According to InDaily, on Friday the Liberal Party’s state executive rejected over 100 new members over fears the party will be “taken over by the Right”. They also wrote to 400 others who have joined since the start of the year, demanding “they explain their commitment to the Liberal cause”.
Australia-wide, there has been a measurable uptick in the number of Christians joining various political parties, but this predates the advice of Speirs and Antic. The passage in recent years of radical abortion, euthanasia and ‘gay conversion’ laws in jurisdictions across the nation has left many people of faith feeling ignored by parties they have supported for decades.
The Canberra Declaration’s Kym Farnik is one of many South Australians to have recently joined the Liberal Party over right-to-life concerns. “We are not anti-Liberal Party,” he clarifies, “but we are wanting to prevent a ‘progressive’ leftist shift away from traditional Liberal Party values.”
Farnik explains that in his various Christian networks, he has been “discussing and praying about political involvement by Christians since last year”. He is aware of many of a similar mind who are joining parties interstate. A common concern Farnik is hearing is that their values are not being represented by the parties they usually vote for.
Joining a political party in order to shape its policy and candidate preselection is an obvious move for those who want a say in the political process, but whose concerns remain unheard. Membership in political parties is a basic freedom in representative democracies like Australia. Due to Christ’s teaching that believers should be ‘salt’ and ‘light’ (Matthew 5:13-16), many Christians feel that it is a personal responsibility to be politically active.
Regardless of the beliefs of prospective members, parties on either side of the aisle should not be surprised at a surge of interest in membership if the will of their voter base is not being represented in parliament. As Speirs himself has warned, SA’s Upper House in particular is known for taking a laissez-faire approach on issues like abortion and euthanasia. “They just wave legislation through. They’re not interested in undertaking deep analysis or challenging legislation that is presented to it,” he recently warned.
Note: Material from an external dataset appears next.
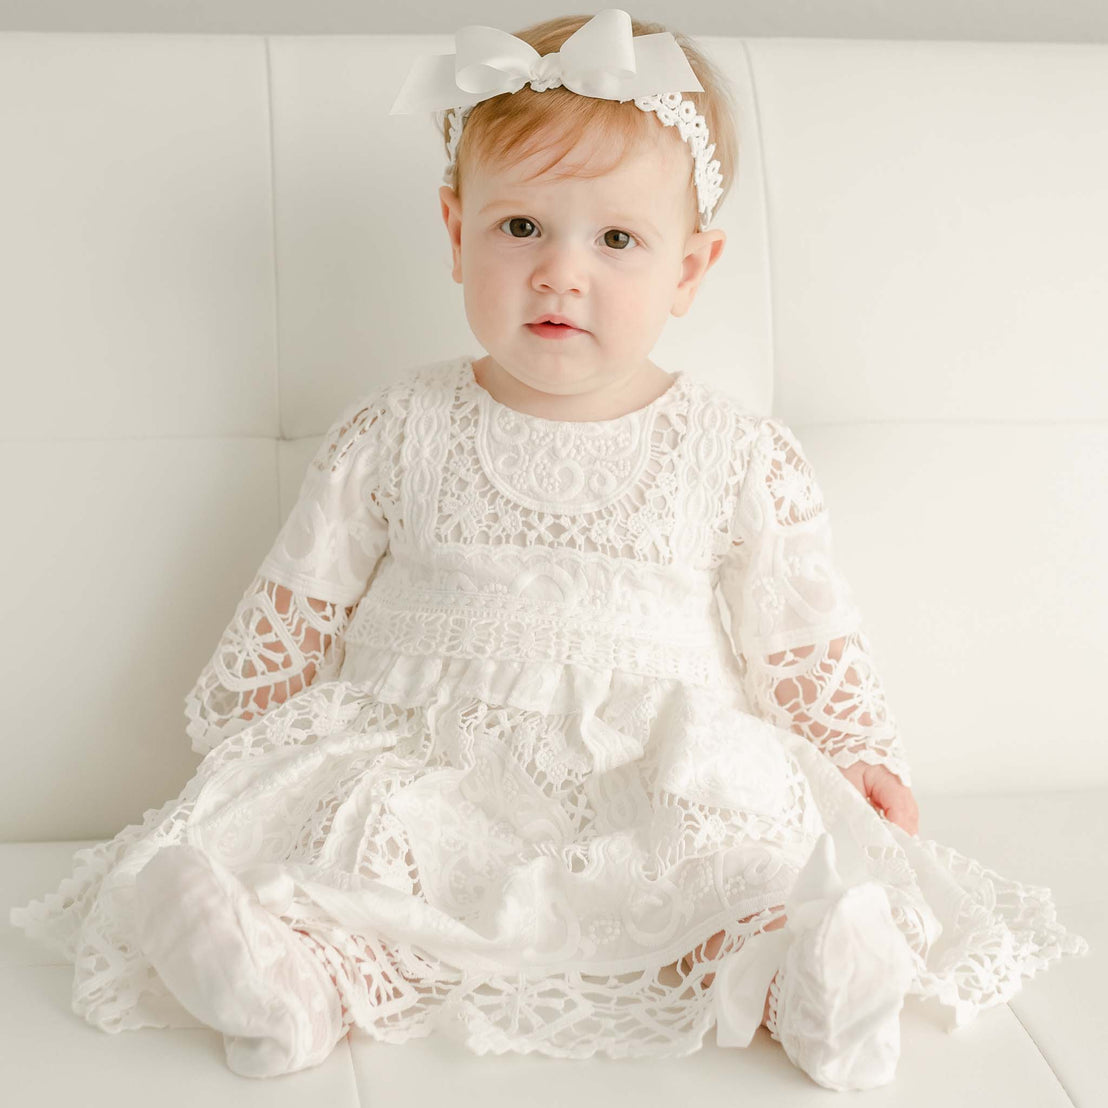 Baby girl with red hair sitting on couch wearing the Adeline lace christening dress and ribbon bow headband.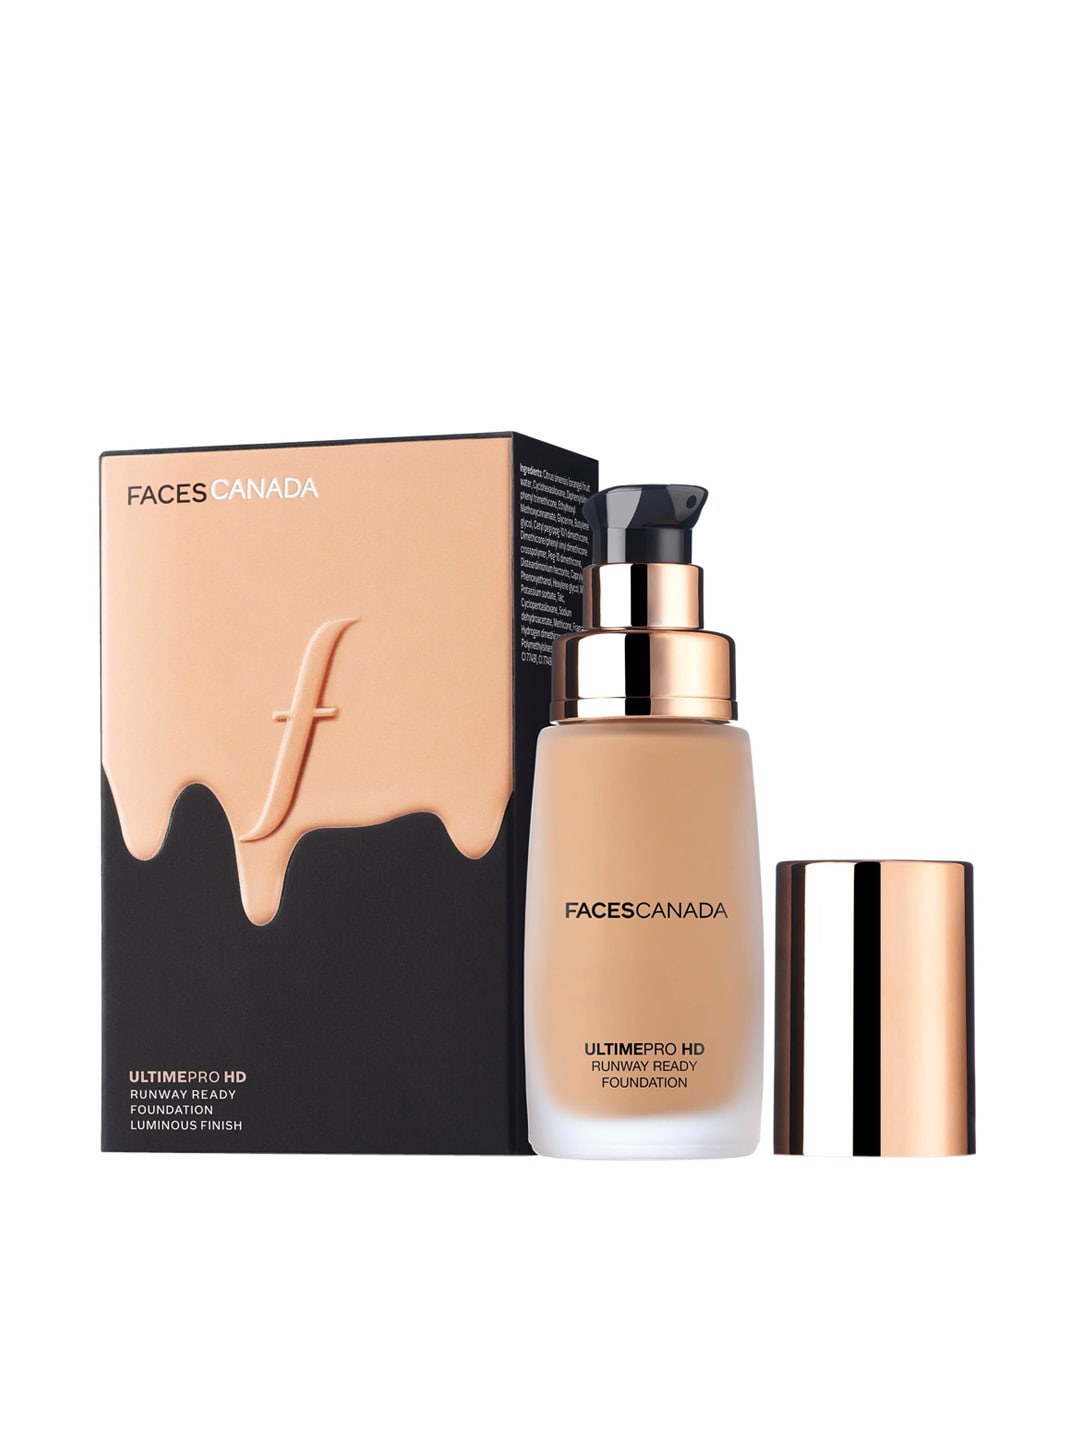 FACES CANADA Ultime Pro Hd Runway Ready Foundation Sand 04 30ml Price in India

Farnik has highlighted the hypocrisy of the South Australian Liberal Party by pointing to their website’s About page, which states, “We believe in the basic freedoms of thought, worship, speech, association and choice.” The Party also affirms “giving all citizens equal rights under the law, responsibilities to maintain it, and the freedom to change it.”
Given the party’s recent purge of Christians, they may want to edit their statement of belief or consider living up to it.
[Photo: South Australian Premier Steven Marshall (AAP Image/David Mariuz)]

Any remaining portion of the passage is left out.